::: MATERIAL FOR THIS EXERCISE

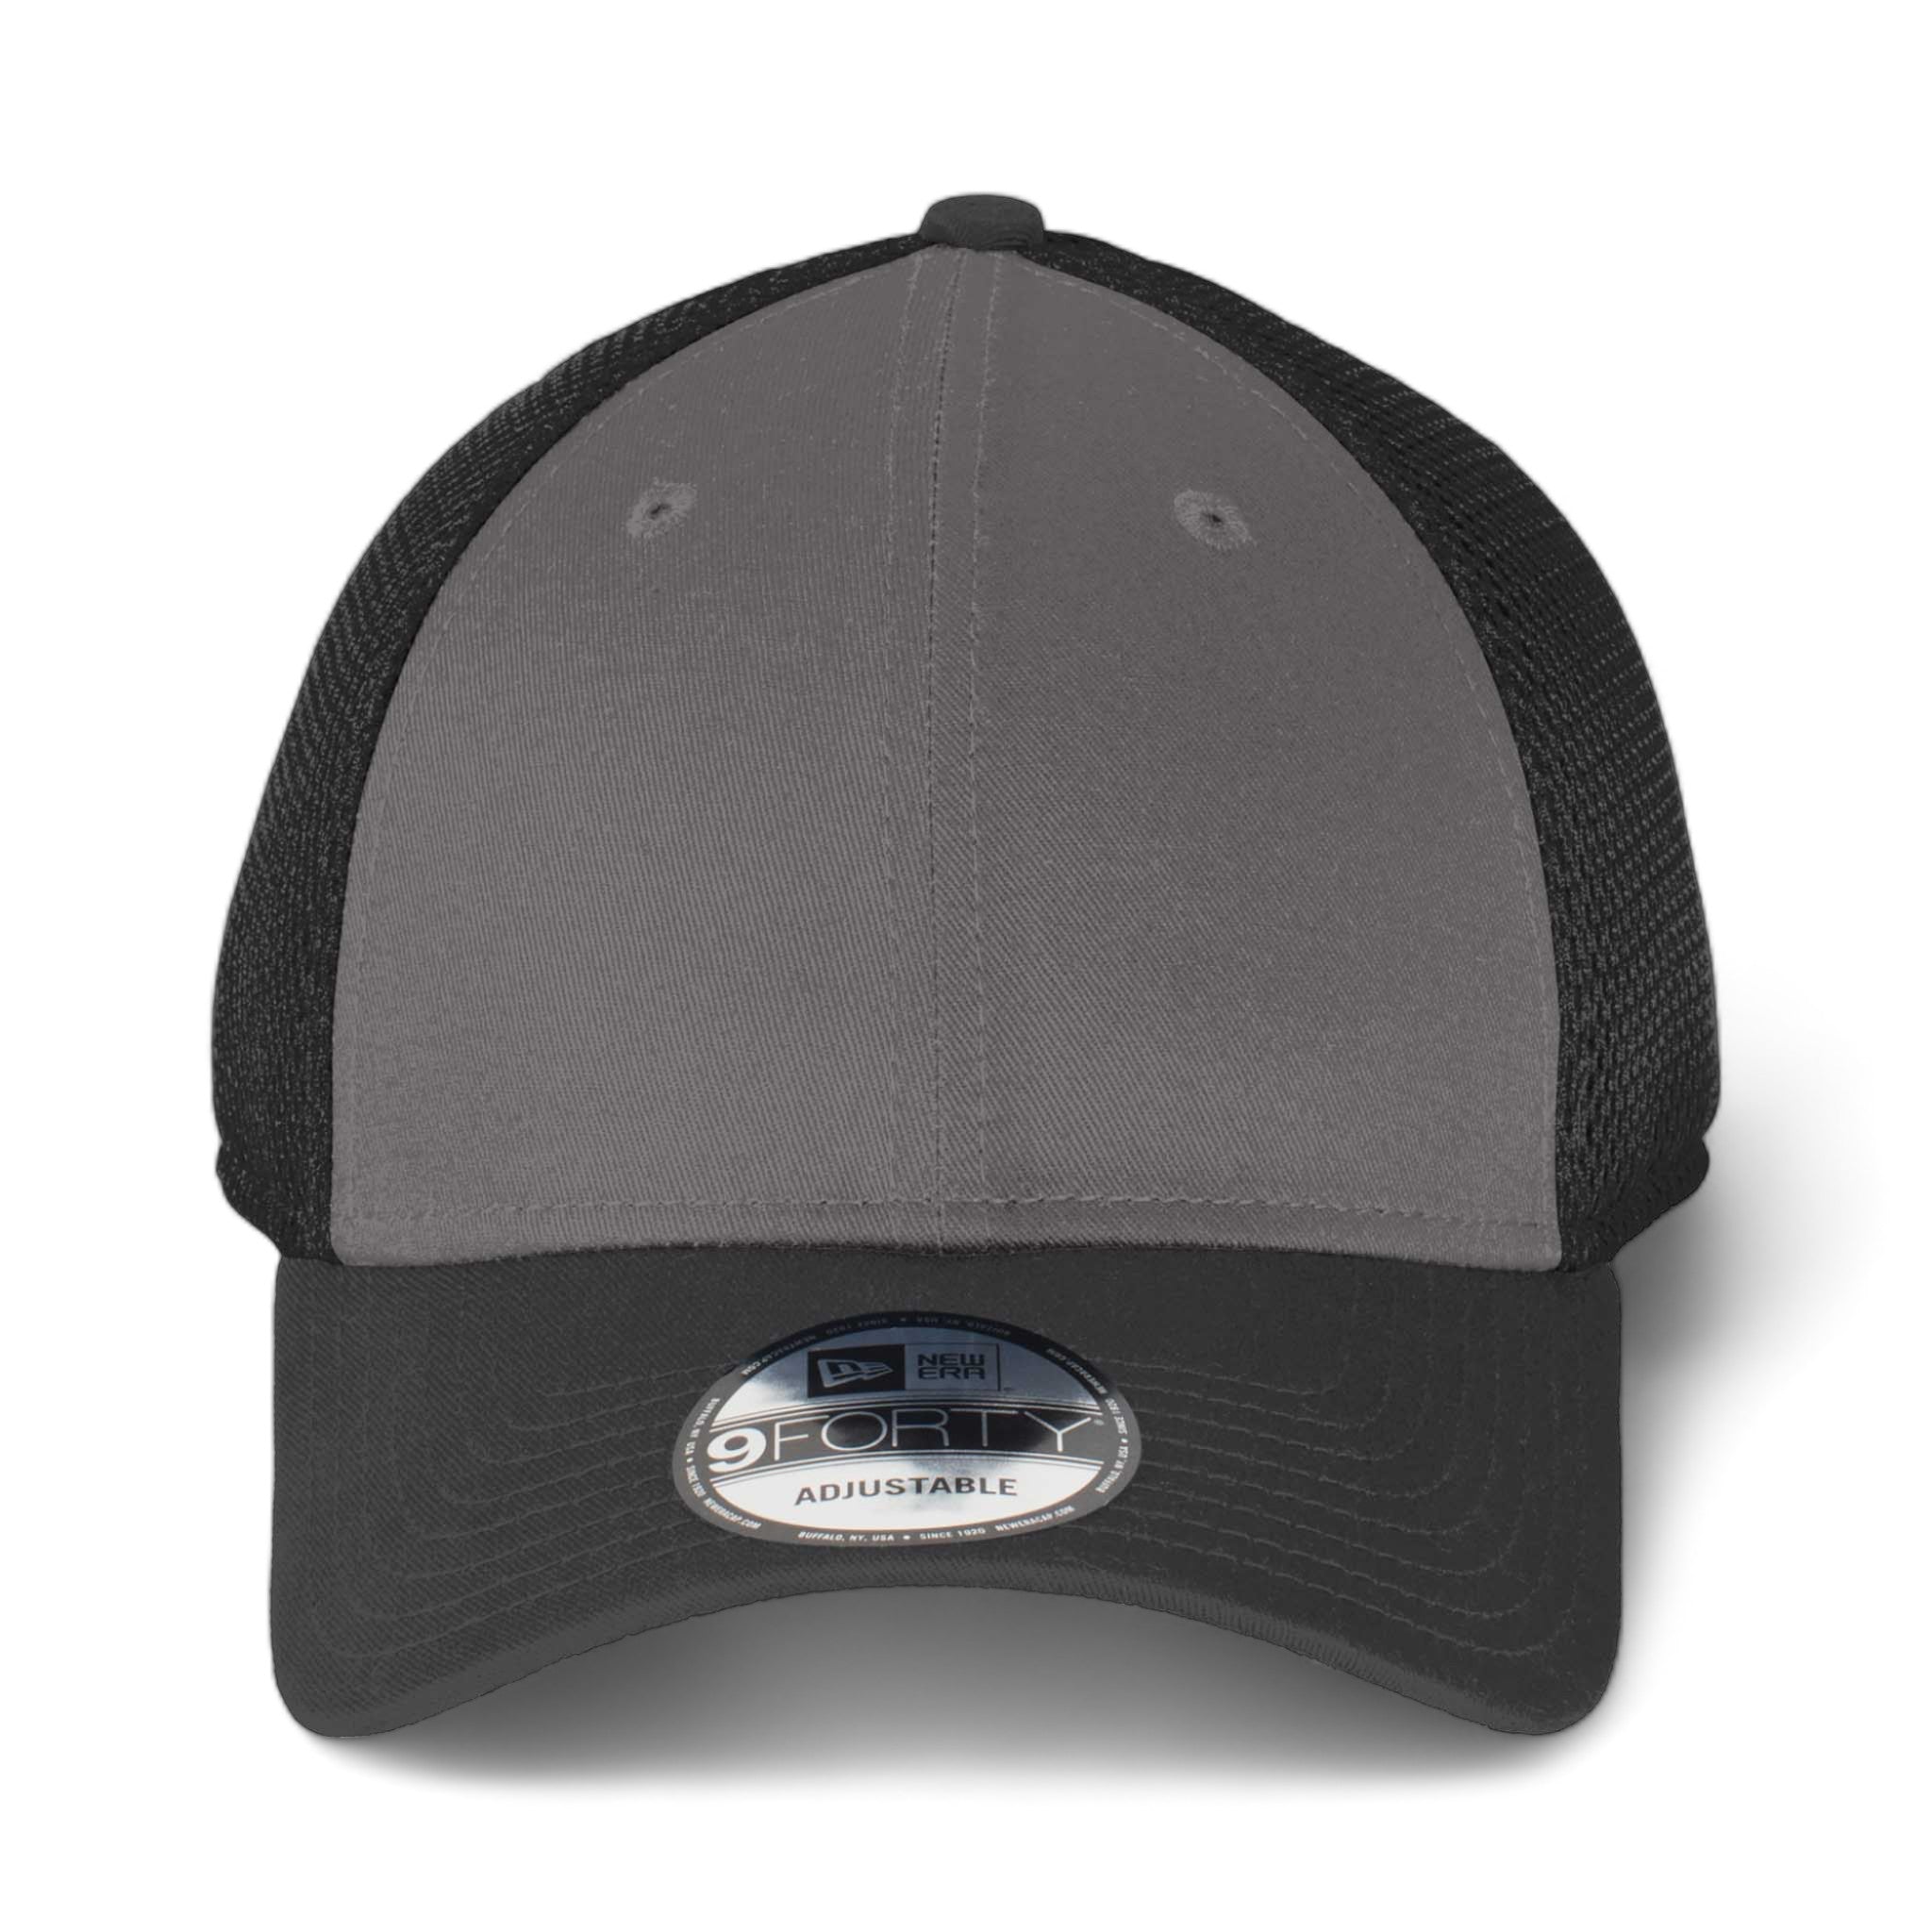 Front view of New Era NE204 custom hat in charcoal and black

::::::
::: MATERIAL FOR THIS EXERCISE

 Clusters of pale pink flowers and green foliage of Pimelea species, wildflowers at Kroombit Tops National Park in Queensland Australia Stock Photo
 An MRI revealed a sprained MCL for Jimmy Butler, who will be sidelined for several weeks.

::::::
::: MATERIAL FOR THIS EXERCISE

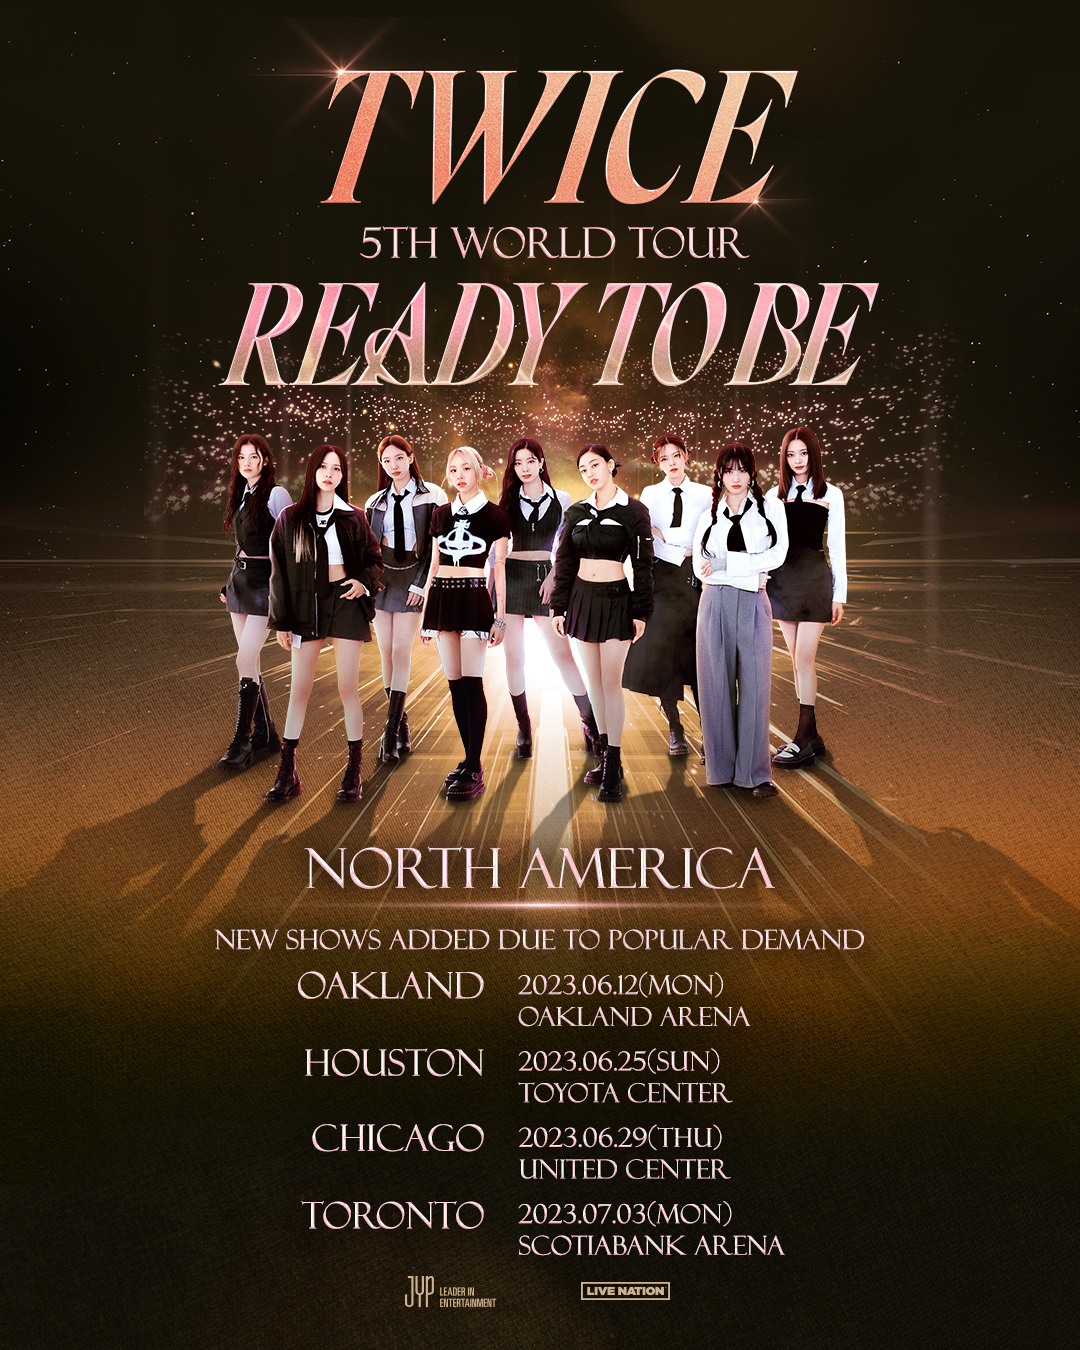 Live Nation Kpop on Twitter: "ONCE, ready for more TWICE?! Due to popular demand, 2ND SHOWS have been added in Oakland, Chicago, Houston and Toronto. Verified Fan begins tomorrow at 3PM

::::::

### TASK GOAL
Scan the entries above for the line containing "Clusters of pale", and copy it and all lines after it exactly, down to and including the line containing "An MRI revealed".

### RESULT OF THIS EXERCISE
 Clusters of pale pink flowers and green foliage of Pimelea species, wildflowers at Kroombit Tops National Park in Queensland Australia Stock Photo
 An MRI revealed a sprained MCL for Jimmy Butler, who will be sidelined for several weeks.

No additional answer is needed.